Helena terdiam. Ia tidak menyangka, namun senyum kecil muncul tanpa ia sadari. “Ke sini?” tanyanya, nada suaranya mengandung kaget sekaligus senang.
“Aku ingin bersilaturahmi,” jawab Hisham singkat. “Sekaligus menghormati hari rayamu.”
Tidak ada kata yang berlebihan dalam percakapan itu, tetapi keduanya sama-sama memahami maknanya. Di akhir telepon, Helena mengatakan akan menjemput sahabatnya itu di bandara.
Salju menyambut langkah Hisyam ketika ia tiba di Rusia. Udara dingin memaksa orang-orang mempercepat langkah, namun ia berjalan dengan ritme yang tetap. Dari kejauhan, Helena berdiri dengan mantel panjang dan sikap yang rapi. Wibawanya sebagai staf kedutaan tampak jelas, meski matanya menyimpan kehangatan yang sama seperti bertahun-tahun lalu.

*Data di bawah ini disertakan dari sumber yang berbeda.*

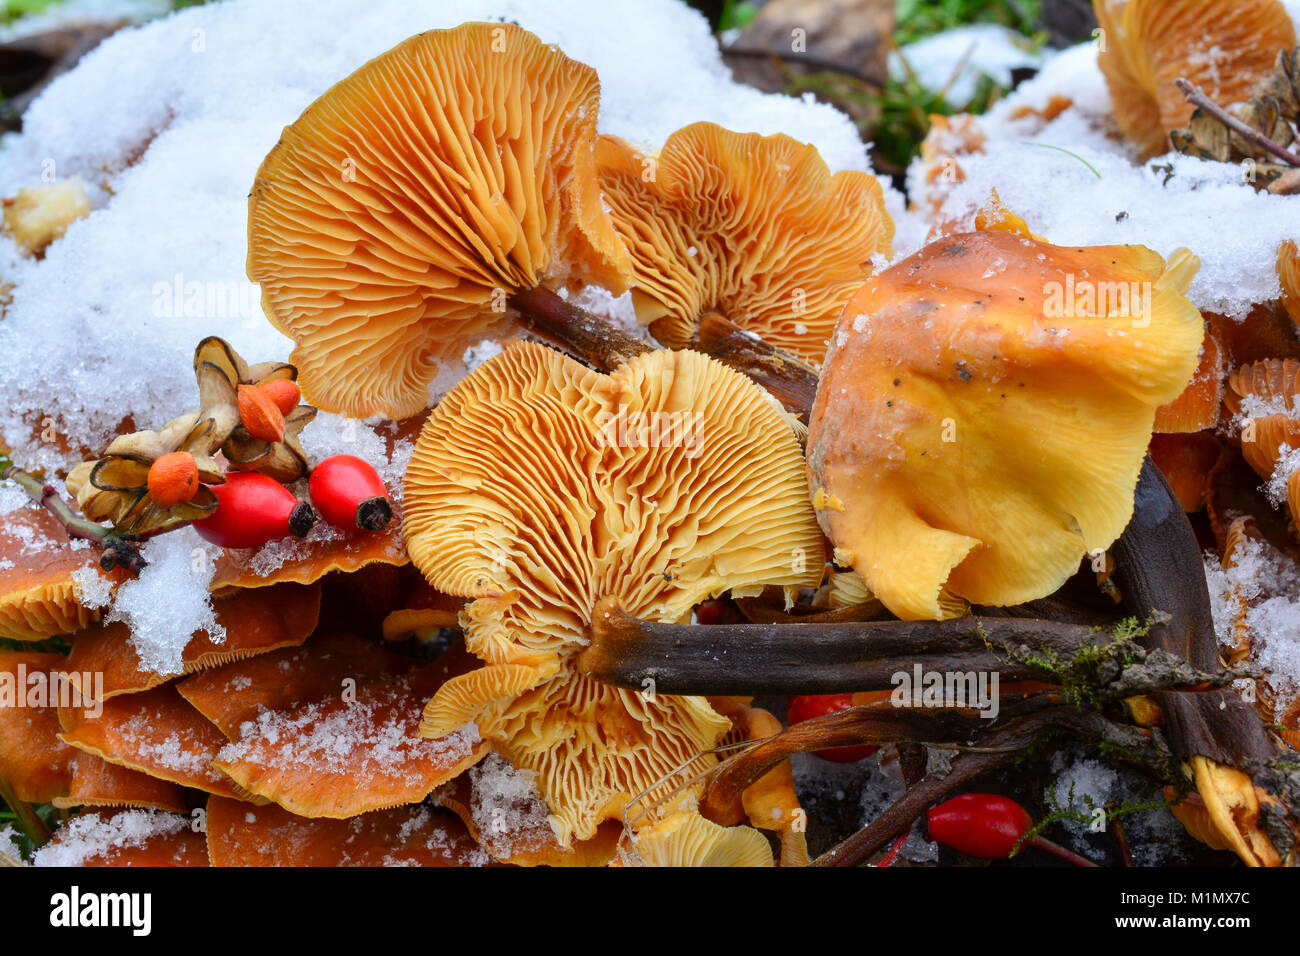 Cluster of Flammulina velutipes or Velvet Shank mushrooms in snow, decorated with some red seeds, edible sort of mushrooms growing in winter time, clo Stock Photo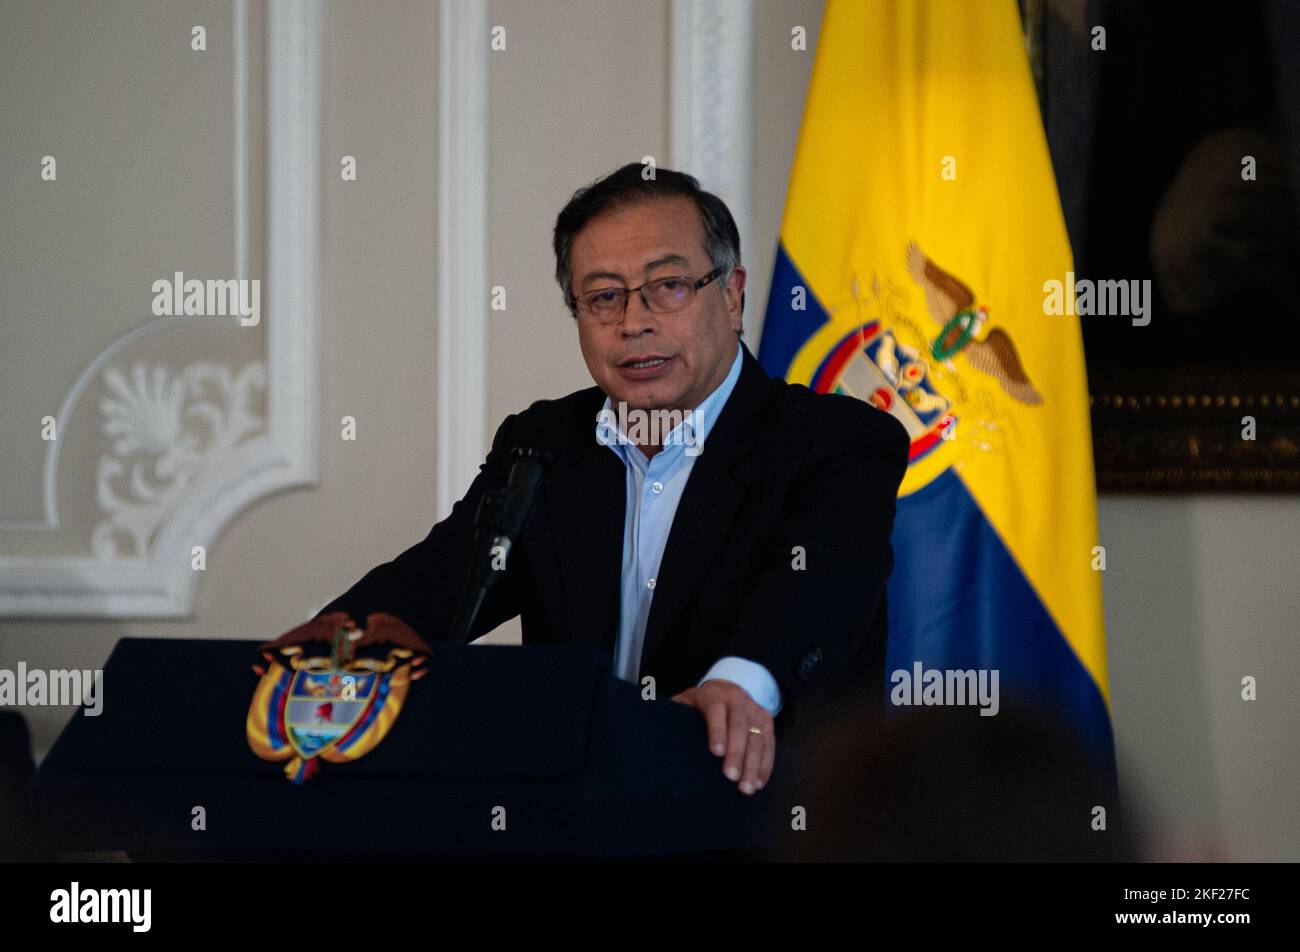 Bogota, Colombia. 15th Nov, 2022. Colombian president Gustavo Petro speaks during a press conference about the first 100 days of his government in office, in Bogota, Colombia on November 15, 2022. Photo by: Chepa Beltran/Long Visual Press Credit: Long Visual Press/Alamy Live News Stock Photo

Mereka berjabat tangan. Tidak ada pelukan. Tidak ada kata-kata panjang. Hanya pertemuan dua orang dewasa yang saling menghormati jarak.
Di perjalanan,H isyam menyerahkan sebuah buku. “Ini karyaku,” katanya. “Sebagai Hadiah Natal.”
Helena menerimanya dengan hati-hati. Buku itu terasa lebih berat dari sekadar hadiah. Ia menatap sampulnya sejenak, lalu mengangguk. “Terima kasih.”
Beberapa hari bersama berlalu tenang. Hingga suatu malam, Helena mengajak Hisyam makan bersama lingkaran pergaulannya. Meja makan tertata rapi dengan hidangan khas Natal. Ia memastikan semuanya tidak melanggar apa pun yang diyakini sahabatnya. Ia tidak menjelaskan alasannya. Ia hanya merasa itu perlu.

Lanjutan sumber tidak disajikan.